It took me years and a lot of self observation to realize that my hormones weren’t fighting me. I was fighting them. Once I started understanding how my menstrual cycle affects performance, recovery, and motivation, things began to change. Exercise didn’t make my PMS worse anymore, because I learned when to push and when to pull back.
That’s what I want to help you understand: how hormones shape your workouts, why overtraining can worsen PMS, and what to do instead if you want to stay consistent, balanced, and strong all month long.
How Hormones Influence Your Workouts
Your menstrual cycle isn’t just a monthly inconvenience.

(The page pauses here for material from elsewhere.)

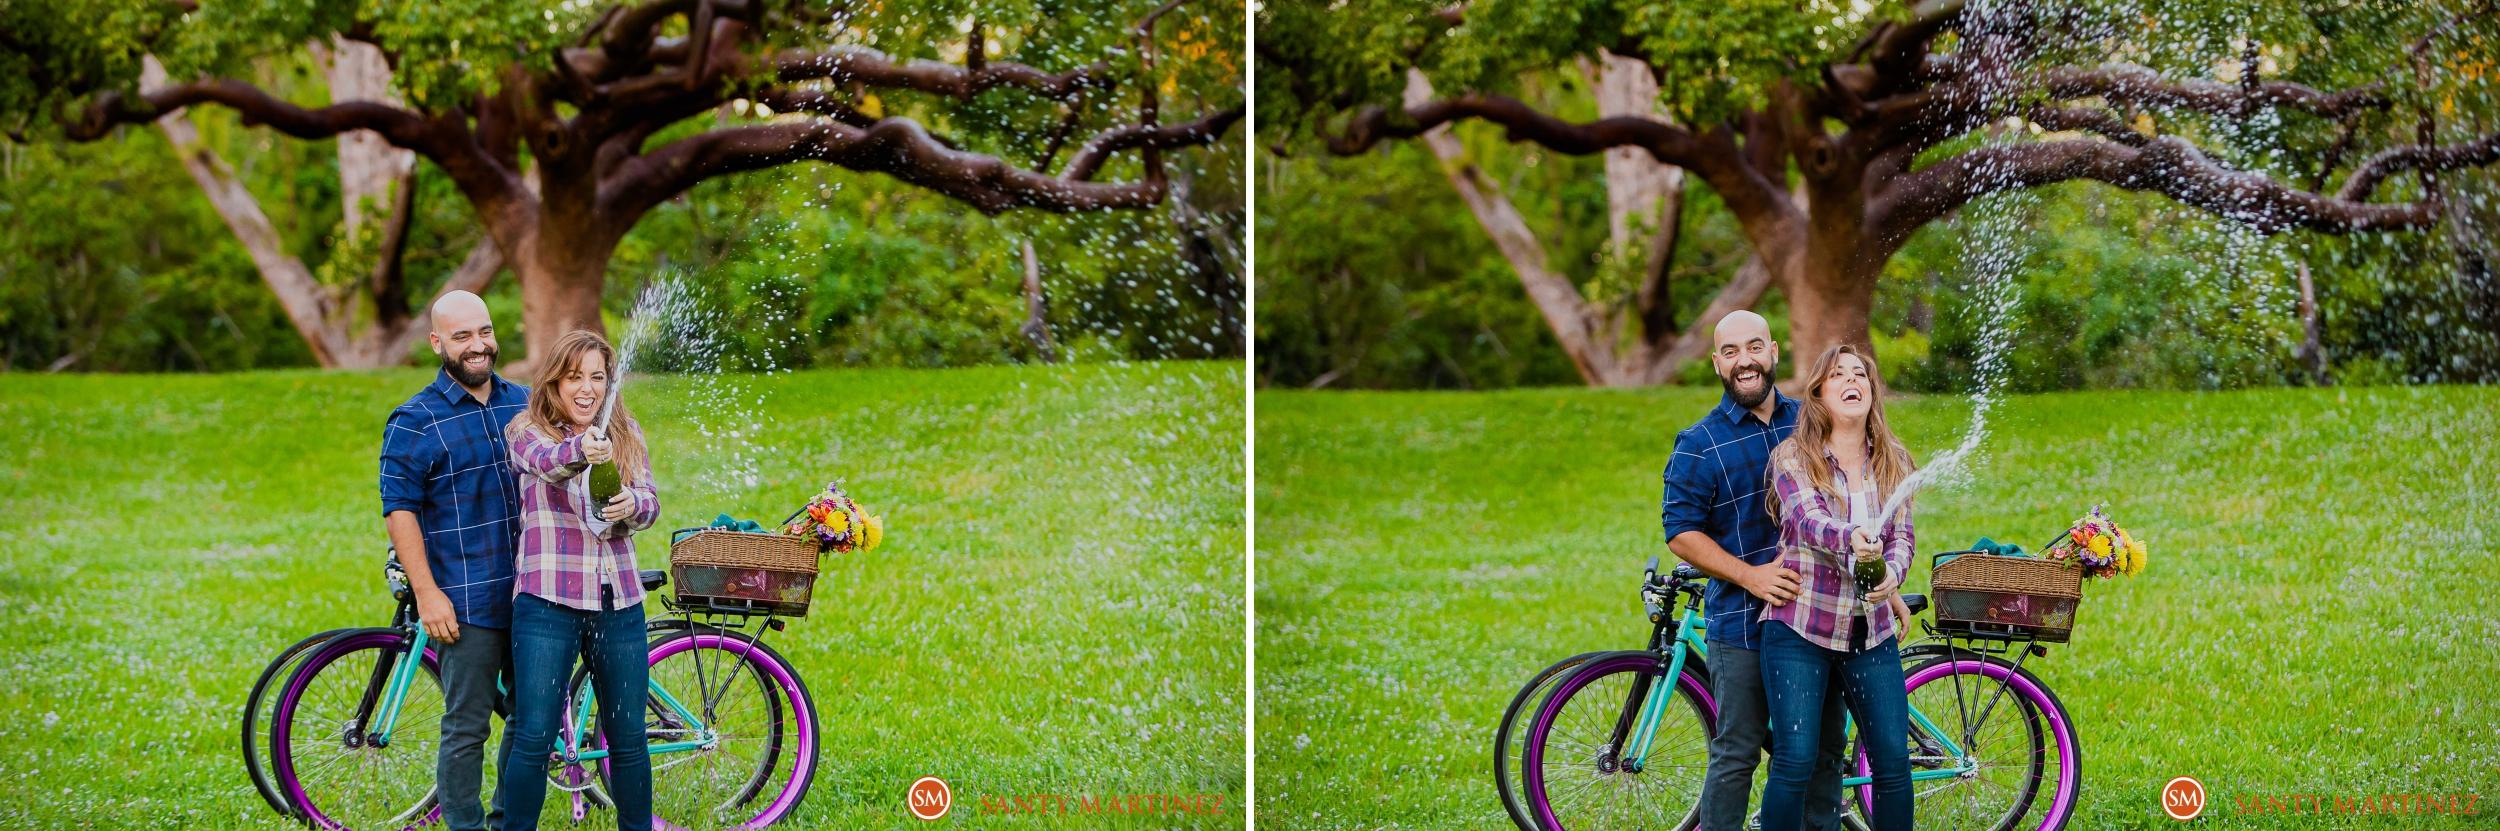 Engagement Session - Greynolds Park - Santy Martinez Photography 7.jpg

It’s a rhythm that affects every part of how your body functions: energy, metabolism, strength, coordination, even your emotional resilience.
The cycle has four phases: menstrual, follicular, ovulatory, and luteal. Each one comes with its own hormonal landscape that can either support or challenge your workouts.
Menstrual phase (Days 1–5):
This is when bleeding starts, and both estrogen and progesterone drop. You might feel fatigued, crampy, or just low in motivation. It’s not the time for heavy training, but gentle movement like walking, stretching, or yoga can actually reduce cramps and help blood flow.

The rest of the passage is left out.